Work to complete -
Only a number is expected in reply: the count of lines below where the word "estilo" occurs.

(Items from a data source)
▽
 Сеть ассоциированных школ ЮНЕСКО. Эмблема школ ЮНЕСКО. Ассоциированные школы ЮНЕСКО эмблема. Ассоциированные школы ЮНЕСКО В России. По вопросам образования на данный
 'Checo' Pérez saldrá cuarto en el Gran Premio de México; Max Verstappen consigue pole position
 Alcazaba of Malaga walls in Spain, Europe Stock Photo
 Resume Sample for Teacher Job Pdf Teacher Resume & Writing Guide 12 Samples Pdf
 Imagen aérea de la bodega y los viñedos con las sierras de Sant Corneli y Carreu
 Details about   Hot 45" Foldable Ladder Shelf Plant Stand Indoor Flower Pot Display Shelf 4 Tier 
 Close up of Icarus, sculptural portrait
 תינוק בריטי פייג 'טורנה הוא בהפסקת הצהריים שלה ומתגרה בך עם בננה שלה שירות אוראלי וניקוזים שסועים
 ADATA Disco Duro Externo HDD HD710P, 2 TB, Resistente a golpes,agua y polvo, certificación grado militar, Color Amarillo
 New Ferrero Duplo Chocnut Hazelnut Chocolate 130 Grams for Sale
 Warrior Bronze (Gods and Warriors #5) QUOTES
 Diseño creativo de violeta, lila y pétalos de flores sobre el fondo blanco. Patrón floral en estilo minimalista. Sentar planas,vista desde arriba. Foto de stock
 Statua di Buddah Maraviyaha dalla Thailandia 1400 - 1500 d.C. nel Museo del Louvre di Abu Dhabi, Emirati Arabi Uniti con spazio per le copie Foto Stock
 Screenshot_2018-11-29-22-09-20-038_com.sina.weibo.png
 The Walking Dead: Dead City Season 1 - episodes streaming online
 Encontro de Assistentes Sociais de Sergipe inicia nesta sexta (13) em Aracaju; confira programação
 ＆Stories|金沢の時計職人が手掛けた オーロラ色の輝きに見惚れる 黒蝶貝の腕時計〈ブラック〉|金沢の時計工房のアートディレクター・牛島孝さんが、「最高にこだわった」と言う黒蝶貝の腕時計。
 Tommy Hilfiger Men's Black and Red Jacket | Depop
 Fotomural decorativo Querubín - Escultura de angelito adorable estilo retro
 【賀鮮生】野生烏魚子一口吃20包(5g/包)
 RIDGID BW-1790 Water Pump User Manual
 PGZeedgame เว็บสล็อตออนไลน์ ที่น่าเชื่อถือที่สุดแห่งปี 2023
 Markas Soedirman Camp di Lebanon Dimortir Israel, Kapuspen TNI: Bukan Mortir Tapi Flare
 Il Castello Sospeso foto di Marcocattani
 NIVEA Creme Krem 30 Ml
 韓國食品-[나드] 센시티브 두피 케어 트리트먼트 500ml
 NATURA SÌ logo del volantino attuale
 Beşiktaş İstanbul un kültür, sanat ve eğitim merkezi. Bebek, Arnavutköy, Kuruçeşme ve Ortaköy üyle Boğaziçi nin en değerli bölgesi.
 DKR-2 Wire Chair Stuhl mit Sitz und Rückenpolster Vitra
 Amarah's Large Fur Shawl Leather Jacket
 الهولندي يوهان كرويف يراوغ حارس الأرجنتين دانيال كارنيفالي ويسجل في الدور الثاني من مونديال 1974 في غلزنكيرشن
△
Written response -
2